Feature Type
-
[ ] Adding new functionality to pandas
-
[X] Changing existing functionality in pandas
-
[ ] Removing existing functionality in pandas
Problem Description
IMO it would be an API improvement for pandas if creating dataframes/series/arrays using dtype=str
(and dtype="str"
) would return a dataframe/series/array of dtype StringDtype
instead of dtype object
. The reason being that IMO in 99,9 % of cases where users instantiate using dtype=str
they would have prefer having used dtype="string"
and therefore have the guarantee that the array actually only contains strings (and NA's).
This would be similar to when instantiating currently using dtype=int
gives a dtype np.int64
and for dtype=float
we get np.float64
.
The above proposal would be backwards incompatible and too late to introduce depreciations in pandas 1.x now.
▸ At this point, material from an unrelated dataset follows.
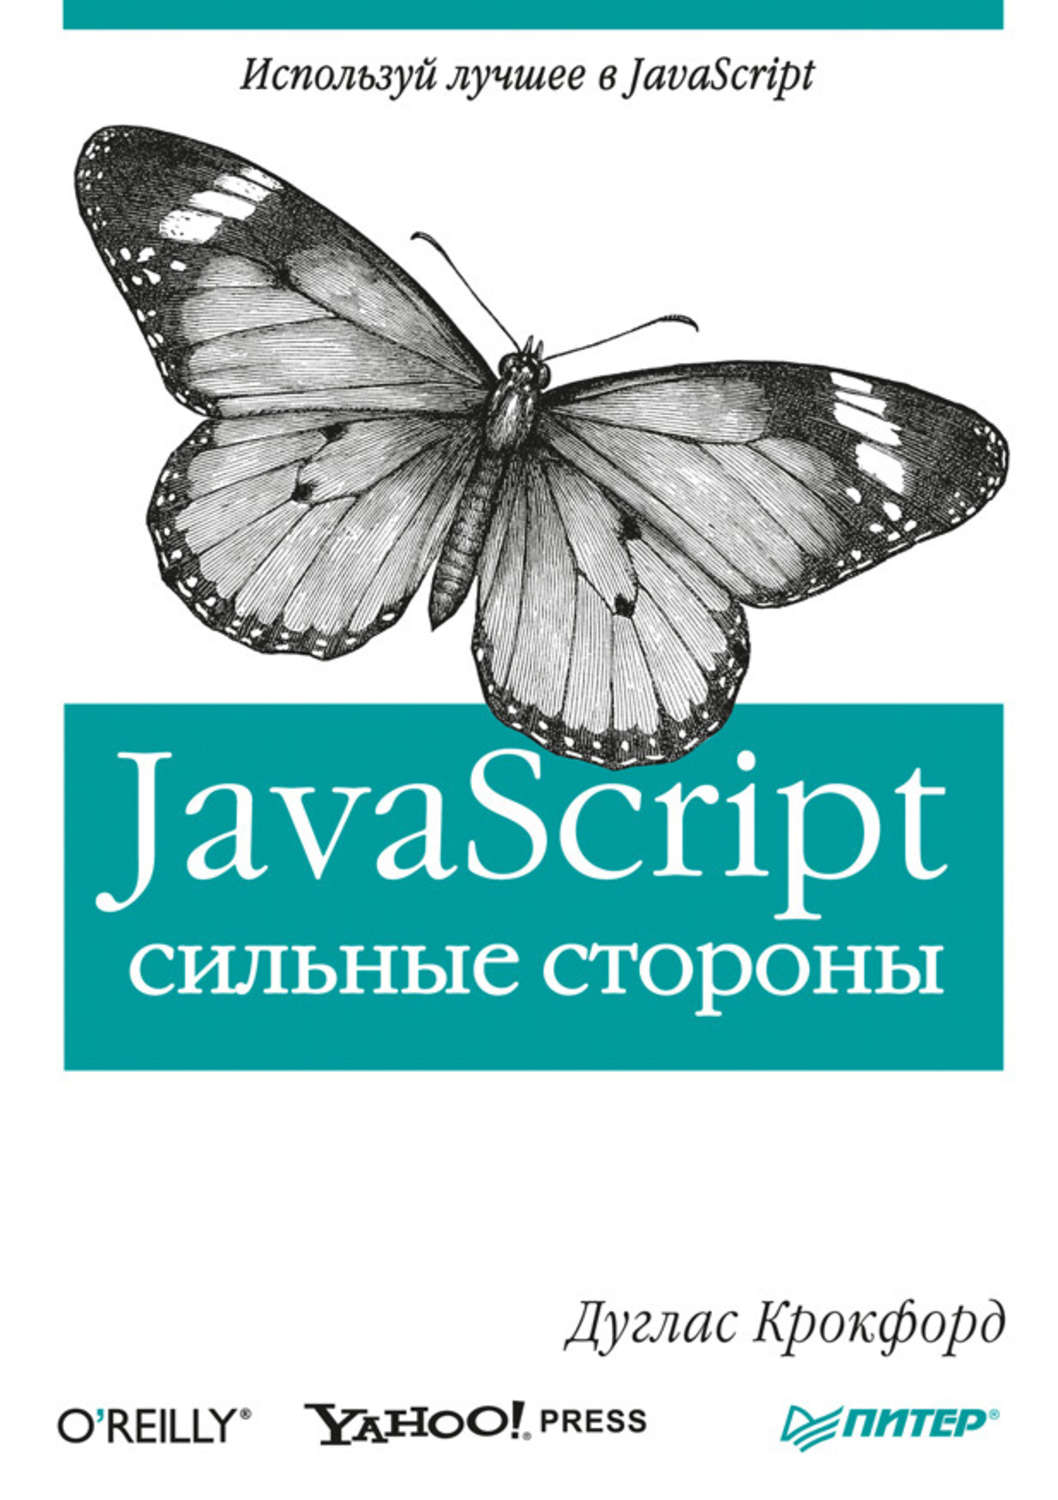 Погружение в JavaScript: подборка книг для начинающих изучать язык

However, could it become a breaking change as part of the jump to version 2.0 of pandas, similar to the backwards-incompatible changes already listed in #44823?
Feature Description
Basically it would just change the dtype resolution function to return a StringDtype
instead the current behavior, so reasonably simple to implement.
Alternative Solutions
The alternative would be to keep the current behavior in pandas 2.0.
Additional Context
No response
Comment From: phofl
I think this needs a more thorough investigation.
How would the behavior of follow up operations change?
Would you also change the behavior of I/O operations? I don't think that we can do this without a deprecation cycle
Comment From: mroeschke
I support dtype=str
eventually mapping to StringDtype
, but personally I think it would be better through a deprecation than a 2.0 breaking change.
Comment From: topper-123
Thanks for the reply. Yes, I hadn't considered IO, that makes it more challenging than I had though when I wrote up the issue...
I could support a deprecation cycle, though perhaps if it last the entire pandas 2.x cycle, maybe better to deprecate later in the cycle, e.g. pandas 2.3 or similar IMO.
Unless there is a wish do something now, I'll let this lay and I (or someone else) can pick this up at later, after pandas 2.0 has been released.
Comment From: phofl
We want to release 3.0 significantly faster than 2.0, so would be ok to introduce in 2.0 I think. But we want to finish enforcing deprecations first
Comment From: topper-123
Closing as superseded #52429, where the discussion is more current.